### ACTIVITY:
Quote the listing in full, exactly as given, minus any pictures.

### THE DATA:
■ ■ ■ ■ ■

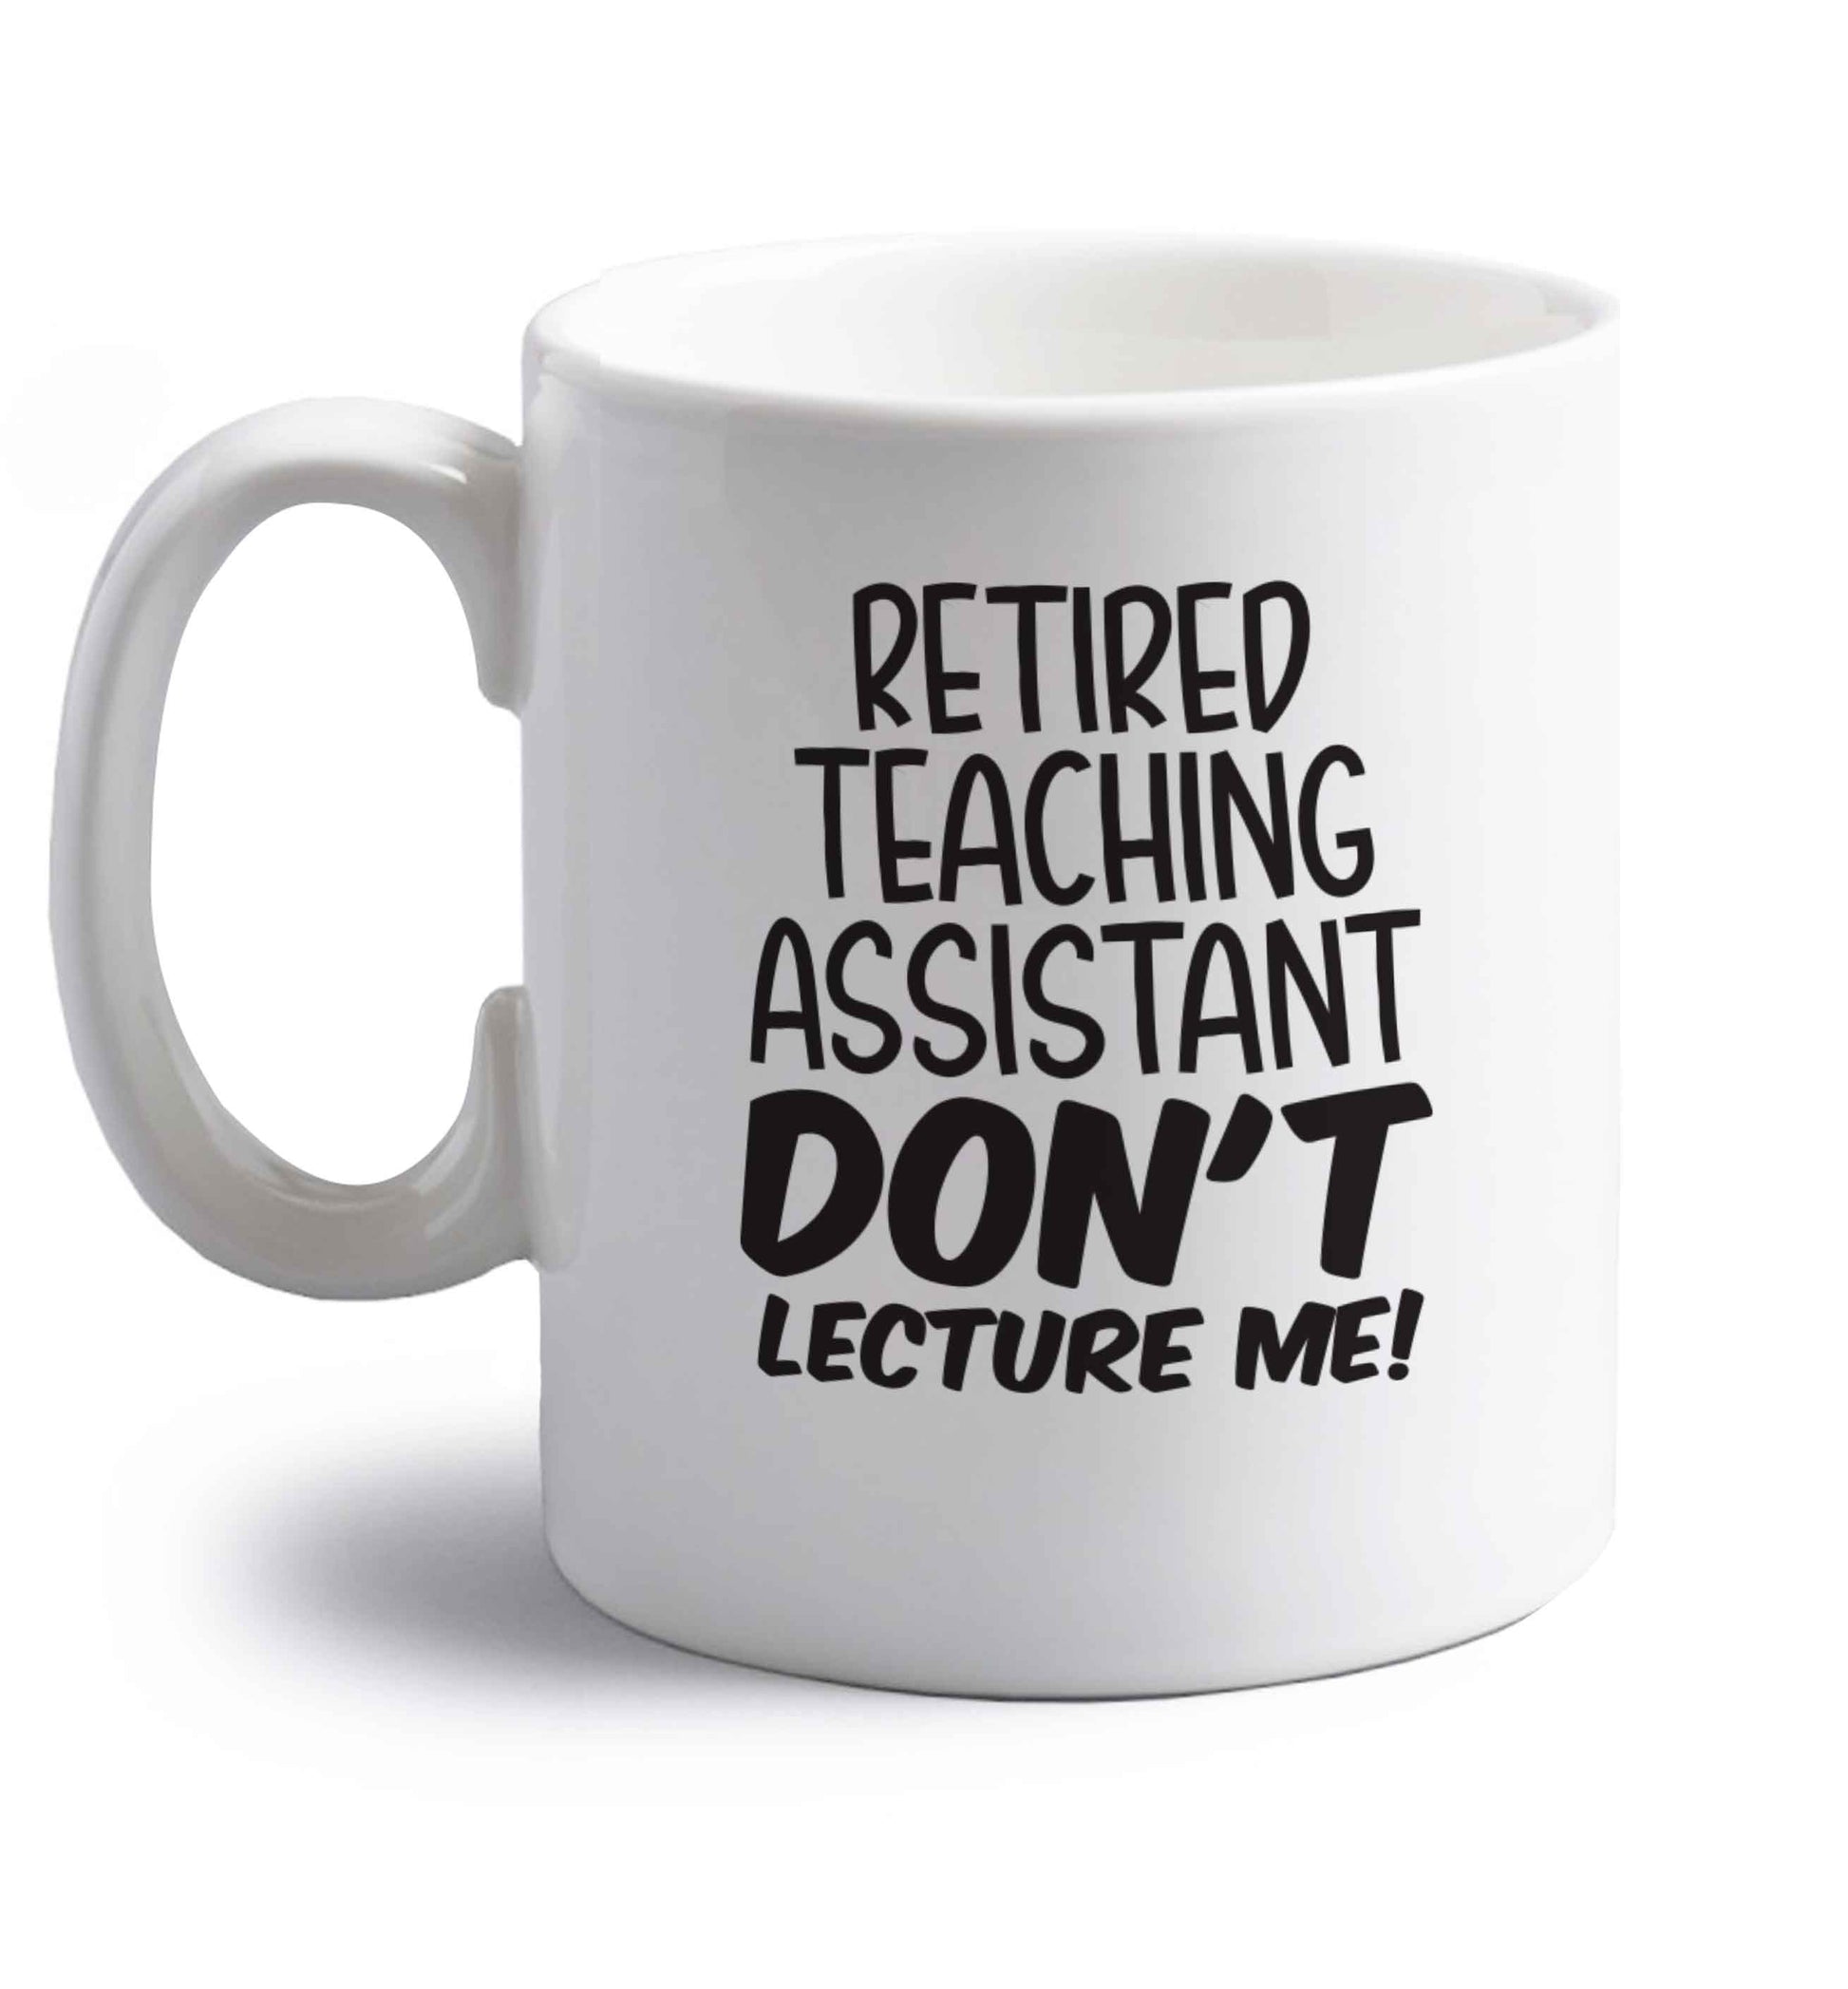 Retired teaching assistant don't lecture me right handed white ceramic mug 
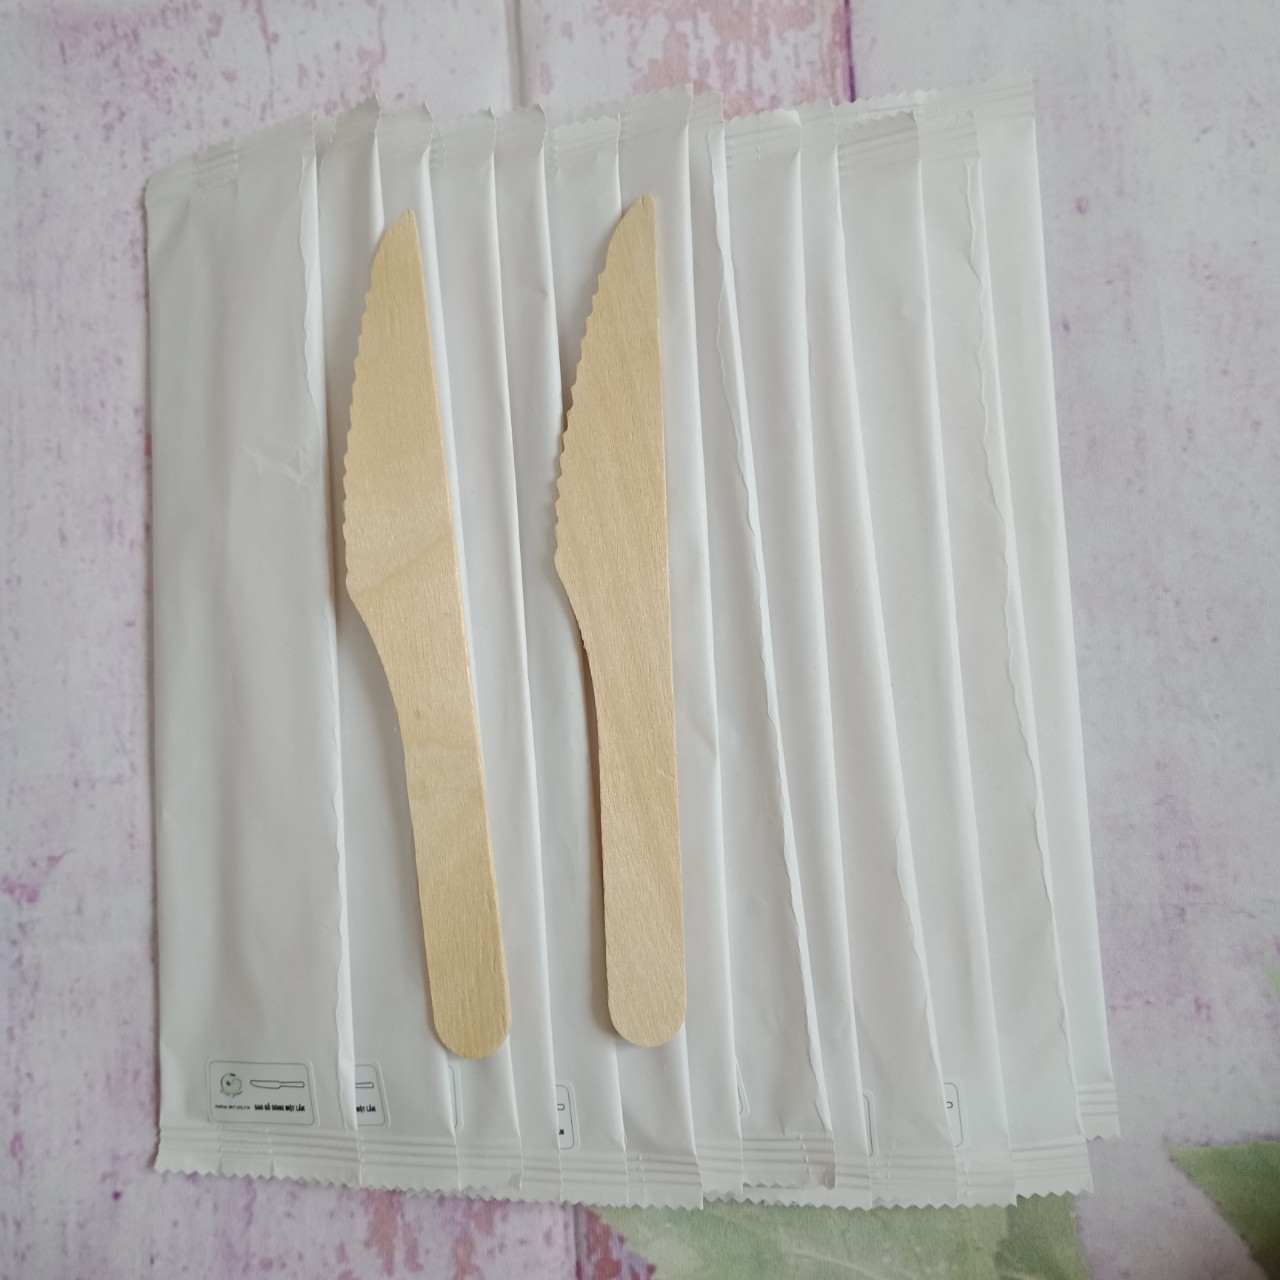 Disposable wooden knives paper wrapped
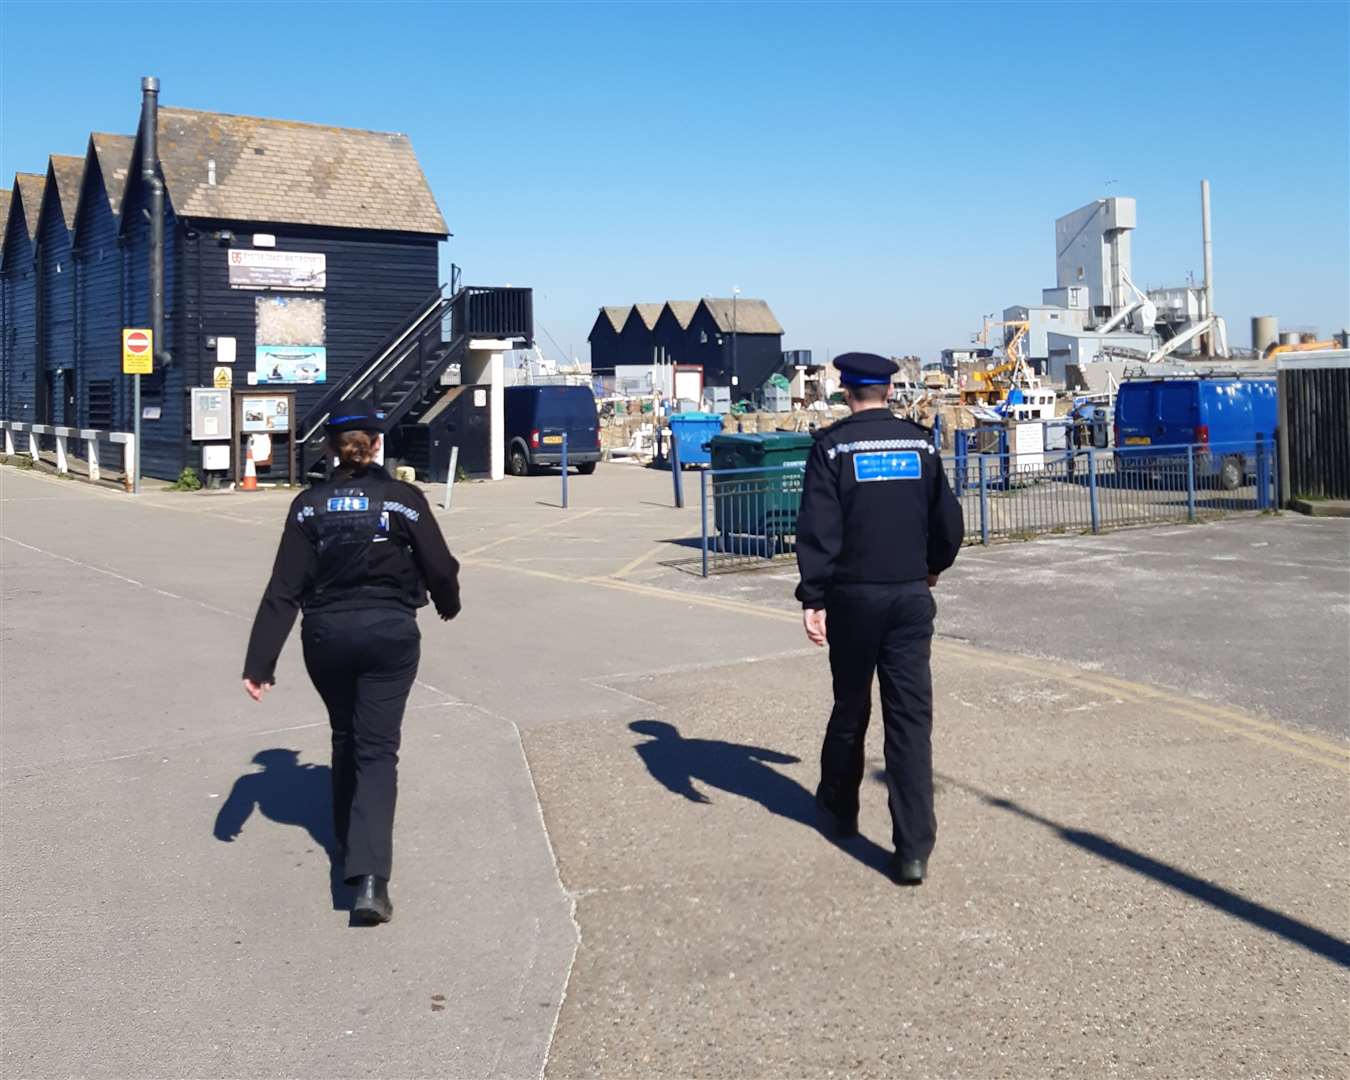 Police pictured out on patrol in Whitstable during lockdown last year
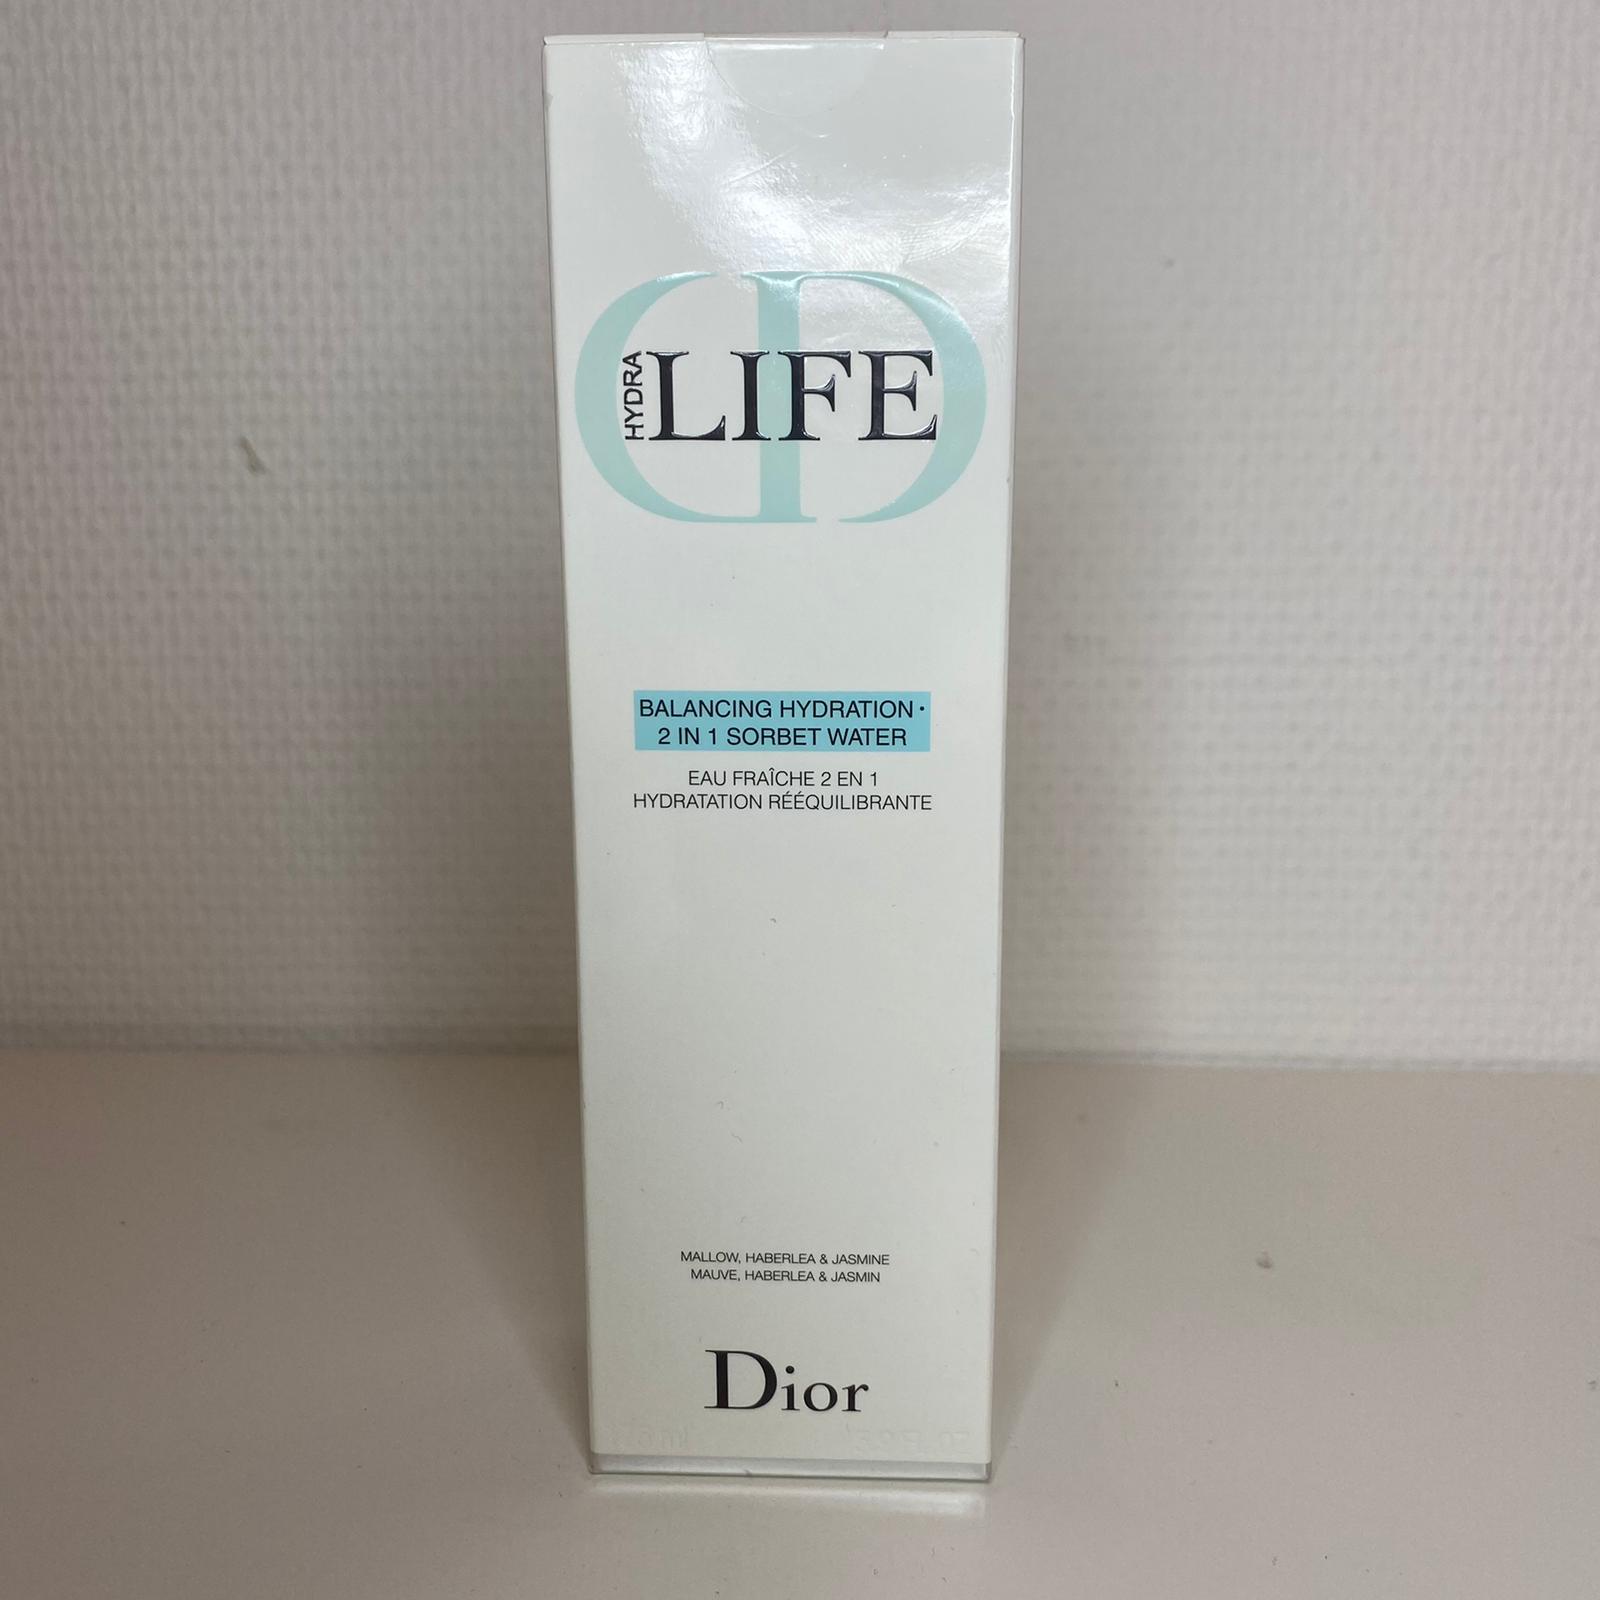 Dior hydra life 2 in 1 sorbet water 175 ml

■ ■ ■ ■ ■

### ANSWER TO THIS EXERCISE:
 Retired teaching assistant don't lecture me right handed white ceramic mug 
 Disposable wooden knives paper wrapped
 Police pictured out on patrol in Whitstable during lockdown last year
 Dior hydra life 2 in 1 sorbet water 175 ml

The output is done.